Related to my previous question, I have a dataset of 2D points with an associated label (this label can take 6 different values). As suggested in the answers to my other question, this can be modeled as a marked point process (or 6 different point processes), allowing to apply standard tools to study this dataset.
I would like to take the approach that I first suggested in my first question, and try to apply PCA on this dataset, to see if the different types of points are correlated or not (i.e. are some types always happening together?).

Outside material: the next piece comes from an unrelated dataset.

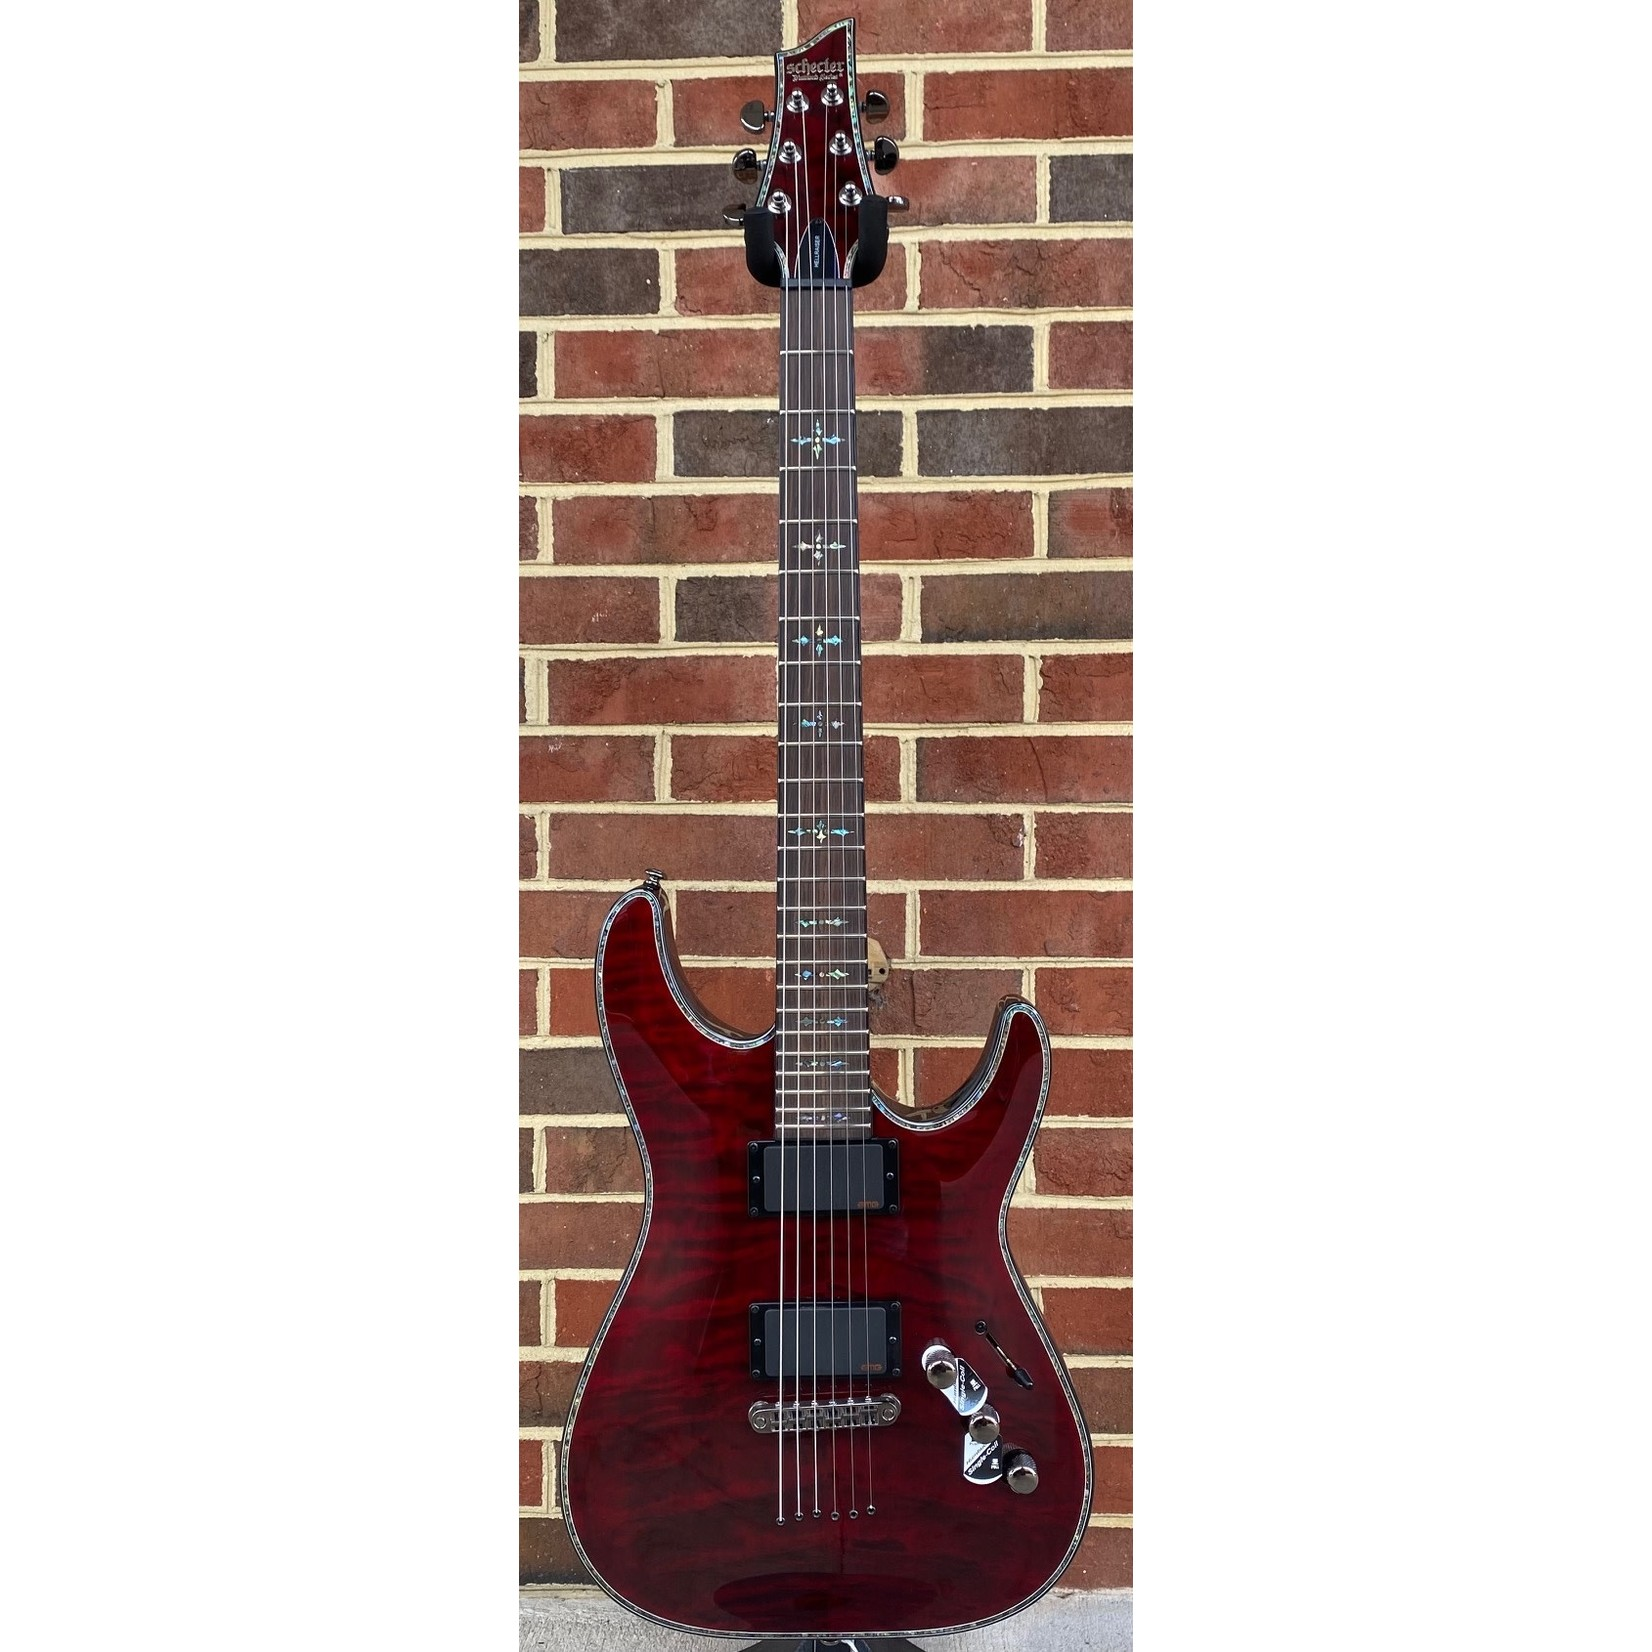 Schecter Guitar Research Schecter Hellraiser C-1, Black Cherry, Quilted Maple Top, EMG 81TW/89R pickups, Schecter Locking Tuners

Here's how I want to do it:
- Split my 2D space in a grid
- For each cell of that grid, count the number of points of each type. For one cell, this gives me a point in $\mathbb{R}^6 : x_i = (N_1(A_i), N_2(A_i), N_3(A_i), N_4(A_i), N_5(A_i), N_6(A_i))$, where $N_k(A_i)$ is the number of points of the $k^{th}$ point process (corresponding to points of type $k$) in the cell $A_i$
- Combine all the $x_i$ into a matrix $X \in \mathbb{R}^{6 \times M}$ and apply PCA to this matrix.
My question is the following: how do I build the grid? In other words, how do I rediscretize this dataset?
Indeed, the intensities of each process are not equal: some types appear more than others. If I just use a regular grid (all cells have the same area), the resulting points will have one or two components that dominates the others.
I was thinking of building my grid such that each cell has at most $N$ points, thus bounding the norm of the data points, but I don't think this will solve my "balance" problem.
Any suggestion, or pointer to litterature, are appreciated.